Stored data entries:
########

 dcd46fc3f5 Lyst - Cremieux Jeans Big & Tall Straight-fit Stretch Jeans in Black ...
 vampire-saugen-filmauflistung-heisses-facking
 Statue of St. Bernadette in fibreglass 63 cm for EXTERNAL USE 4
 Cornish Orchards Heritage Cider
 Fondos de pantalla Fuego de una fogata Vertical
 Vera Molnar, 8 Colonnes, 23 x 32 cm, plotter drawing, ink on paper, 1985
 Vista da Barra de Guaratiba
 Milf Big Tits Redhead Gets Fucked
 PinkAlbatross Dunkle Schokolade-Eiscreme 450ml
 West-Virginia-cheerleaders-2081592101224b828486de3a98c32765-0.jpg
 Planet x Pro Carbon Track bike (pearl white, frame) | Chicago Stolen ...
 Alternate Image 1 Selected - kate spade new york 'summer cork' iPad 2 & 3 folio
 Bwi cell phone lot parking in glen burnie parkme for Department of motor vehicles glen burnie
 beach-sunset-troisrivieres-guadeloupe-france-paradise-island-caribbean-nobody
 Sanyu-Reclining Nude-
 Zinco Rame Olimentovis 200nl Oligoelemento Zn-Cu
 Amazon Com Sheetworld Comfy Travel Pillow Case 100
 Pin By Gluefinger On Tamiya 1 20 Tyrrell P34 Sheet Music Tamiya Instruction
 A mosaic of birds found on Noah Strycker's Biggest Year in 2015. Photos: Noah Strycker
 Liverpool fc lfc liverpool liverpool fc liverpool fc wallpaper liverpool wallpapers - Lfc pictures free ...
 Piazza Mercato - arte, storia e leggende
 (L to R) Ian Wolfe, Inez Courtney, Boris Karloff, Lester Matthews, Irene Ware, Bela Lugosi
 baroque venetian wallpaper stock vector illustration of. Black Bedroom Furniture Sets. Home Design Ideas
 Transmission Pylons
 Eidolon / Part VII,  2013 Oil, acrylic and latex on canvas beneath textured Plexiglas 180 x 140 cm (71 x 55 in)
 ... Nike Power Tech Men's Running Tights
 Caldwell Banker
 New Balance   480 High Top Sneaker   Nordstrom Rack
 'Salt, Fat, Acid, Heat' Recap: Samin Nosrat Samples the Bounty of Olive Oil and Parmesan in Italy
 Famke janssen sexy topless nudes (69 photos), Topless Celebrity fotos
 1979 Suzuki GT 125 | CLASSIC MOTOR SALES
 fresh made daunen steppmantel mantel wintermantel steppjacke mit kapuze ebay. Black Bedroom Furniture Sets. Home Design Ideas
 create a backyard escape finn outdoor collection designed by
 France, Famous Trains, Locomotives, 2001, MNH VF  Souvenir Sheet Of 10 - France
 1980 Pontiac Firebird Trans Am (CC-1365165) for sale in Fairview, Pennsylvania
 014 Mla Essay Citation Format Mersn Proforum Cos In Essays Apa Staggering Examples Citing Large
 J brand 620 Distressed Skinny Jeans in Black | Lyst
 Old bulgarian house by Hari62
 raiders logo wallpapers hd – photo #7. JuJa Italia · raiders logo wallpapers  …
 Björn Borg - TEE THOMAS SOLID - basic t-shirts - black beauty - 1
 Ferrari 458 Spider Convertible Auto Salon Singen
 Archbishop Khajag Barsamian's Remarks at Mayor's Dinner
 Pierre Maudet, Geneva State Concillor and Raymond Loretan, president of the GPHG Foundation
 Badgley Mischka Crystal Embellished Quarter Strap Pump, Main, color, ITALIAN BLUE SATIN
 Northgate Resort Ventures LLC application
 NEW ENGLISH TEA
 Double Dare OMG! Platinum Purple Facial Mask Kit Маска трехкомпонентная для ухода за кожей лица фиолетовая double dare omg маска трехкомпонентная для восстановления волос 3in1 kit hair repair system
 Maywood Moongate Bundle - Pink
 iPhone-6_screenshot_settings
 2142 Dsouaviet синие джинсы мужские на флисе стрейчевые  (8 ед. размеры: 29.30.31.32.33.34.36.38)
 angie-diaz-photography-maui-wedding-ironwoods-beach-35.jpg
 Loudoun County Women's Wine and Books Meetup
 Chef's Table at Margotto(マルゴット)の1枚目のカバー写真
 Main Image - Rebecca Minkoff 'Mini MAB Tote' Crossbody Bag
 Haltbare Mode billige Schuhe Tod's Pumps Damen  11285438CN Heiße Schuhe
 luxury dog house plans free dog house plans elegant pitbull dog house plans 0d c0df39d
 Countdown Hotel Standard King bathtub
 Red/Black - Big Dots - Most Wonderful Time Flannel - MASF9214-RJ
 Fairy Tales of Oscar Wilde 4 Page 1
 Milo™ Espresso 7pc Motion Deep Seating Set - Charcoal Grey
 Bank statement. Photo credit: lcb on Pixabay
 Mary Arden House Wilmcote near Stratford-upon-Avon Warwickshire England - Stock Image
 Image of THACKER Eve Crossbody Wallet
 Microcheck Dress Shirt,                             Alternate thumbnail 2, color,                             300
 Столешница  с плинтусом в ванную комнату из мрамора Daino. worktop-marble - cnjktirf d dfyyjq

########

◆ Task details ◆
The answer consists of every entry, returned exactly.

◆ The completed task ◆
 dcd46fc3f5 Lyst - Cremieux Jeans Big & Tall Straight-fit Stretch Jeans in Black ...
 vampire-saugen-filmauflistung-heisses-facking
 Statue of St. Bernadette in fibreglass 63 cm for EXTERNAL USE 4
 Cornish Orchards Heritage Cider
 Fondos de pantalla Fuego de una fogata Vertical
 Vera Molnar, 8 Colonnes, 23 x 32 cm, plotter drawing, ink on paper, 1985
 Vista da Barra de Guaratiba
 Milf Big Tits Redhead Gets Fucked
 PinkAlbatross Dunkle Schokolade-Eiscreme 450ml
 West-Virginia-cheerleaders-2081592101224b828486de3a98c32765-0.jpg
 Planet x Pro Carbon Track bike (pearl white, frame) | Chicago Stolen ...
 Alternate Image 1 Selected - kate spade new york 'summer cork' iPad 2 & 3 folio
 Bwi cell phone lot parking in glen burnie parkme for Department of motor vehicles glen burnie
 beach-sunset-troisrivieres-guadeloupe-france-paradise-island-caribbean-nobody
 Sanyu-Reclining Nude-
 Zinco Rame Olimentovis 200nl Oligoelemento Zn-Cu
 Amazon Com Sheetworld Comfy Travel Pillow Case 100
 Pin By Gluefinger On Tamiya 1 20 Tyrrell P34 Sheet Music Tamiya Instruction
 A mosaic of birds found on Noah Strycker's Biggest Year in 2015. Photos: Noah Strycker
 Liverpool fc lfc liverpool liverpool fc liverpool fc wallpaper liverpool wallpapers - Lfc pictures free ...
 Piazza Mercato - arte, storia e leggende
 (L to R) Ian Wolfe, Inez Courtney, Boris Karloff, Lester Matthews, Irene Ware, Bela Lugosi
 baroque venetian wallpaper stock vector illustration of. Black Bedroom Furniture Sets. Home Design Ideas
 Transmission Pylons
 Eidolon / Part VII,  2013 Oil, acrylic and latex on canvas beneath textured Plexiglas 180 x 140 cm (71 x 55 in)
 ... Nike Power Tech Men's Running Tights
 Caldwell Banker
 New Balance   480 High Top Sneaker   Nordstrom Rack
 'Salt, Fat, Acid, Heat' Recap: Samin Nosrat Samples the Bounty of Olive Oil and Parmesan in Italy
 Famke janssen sexy topless nudes (69 photos), Topless Celebrity fotos
 1979 Suzuki GT 125 | CLASSIC MOTOR SALES
 fresh made daunen steppmantel mantel wintermantel steppjacke mit kapuze ebay. Black Bedroom Furniture Sets. Home Design Ideas
 create a backyard escape finn outdoor collection designed by
 France, Famous Trains, Locomotives, 2001, MNH VF  Souvenir Sheet Of 10 - France
 1980 Pontiac Firebird Trans Am (CC-1365165) for sale in Fairview, Pennsylvania
 014 Mla Essay Citation Format Mersn Proforum Cos In Essays Apa Staggering Examples Citing Large
 J brand 620 Distressed Skinny Jeans in Black | Lyst
 Old bulgarian house by Hari62
 raiders logo wallpapers hd – photo #7. JuJa Italia · raiders logo wallpapers  …
 Björn Borg - TEE THOMAS SOLID - basic t-shirts - black beauty - 1
 Ferrari 458 Spider Convertible Auto Salon Singen
 Archbishop Khajag Barsamian's Remarks at Mayor's Dinner
 Pierre Maudet, Geneva State Concillor and Raymond Loretan, president of the GPHG Foundation
 Badgley Mischka Crystal Embellished Quarter Strap Pump, Main, color, ITALIAN BLUE SATIN
 Northgate Resort Ventures LLC application
 NEW ENGLISH TEA
 Double Dare OMG! Platinum Purple Facial Mask Kit Маска трехкомпонентная для ухода за кожей лица фиолетовая double dare omg маска трехкомпонентная для восстановления волос 3in1 kit hair repair system
 Maywood Moongate Bundle - Pink
 iPhone-6_screenshot_settings
 2142 Dsouaviet синие джинсы мужские на флисе стрейчевые  (8 ед. размеры: 29.30.31.32.33.34.36.38)
 angie-diaz-photography-maui-wedding-ironwoods-beach-35.jpg
 Loudoun County Women's Wine and Books Meetup
 Chef's Table at Margotto(マルゴット)の1枚目のカバー写真
 Main Image - Rebecca Minkoff 'Mini MAB Tote' Crossbody Bag
 Haltbare Mode billige Schuhe Tod's Pumps Damen  11285438CN Heiße Schuhe
 luxury dog house plans free dog house plans elegant pitbull dog house plans 0d c0df39d
 Countdown Hotel Standard King bathtub
 Red/Black - Big Dots - Most Wonderful Time Flannel - MASF9214-RJ
 Fairy Tales of Oscar Wilde 4 Page 1
 Milo™ Espresso 7pc Motion Deep Seating Set - Charcoal Grey
 Bank statement. Photo credit: lcb on Pixabay
 Mary Arden House Wilmcote near Stratford-upon-Avon Warwickshire England - Stock Image
 Image of THACKER Eve Crossbody Wallet
 Microcheck Dress Shirt,                             Alternate thumbnail 2, color,                             300
 Столешница  с плинтусом в ванную комнату из мрамора Daino. worktop-marble - cnjktirf d dfyyjq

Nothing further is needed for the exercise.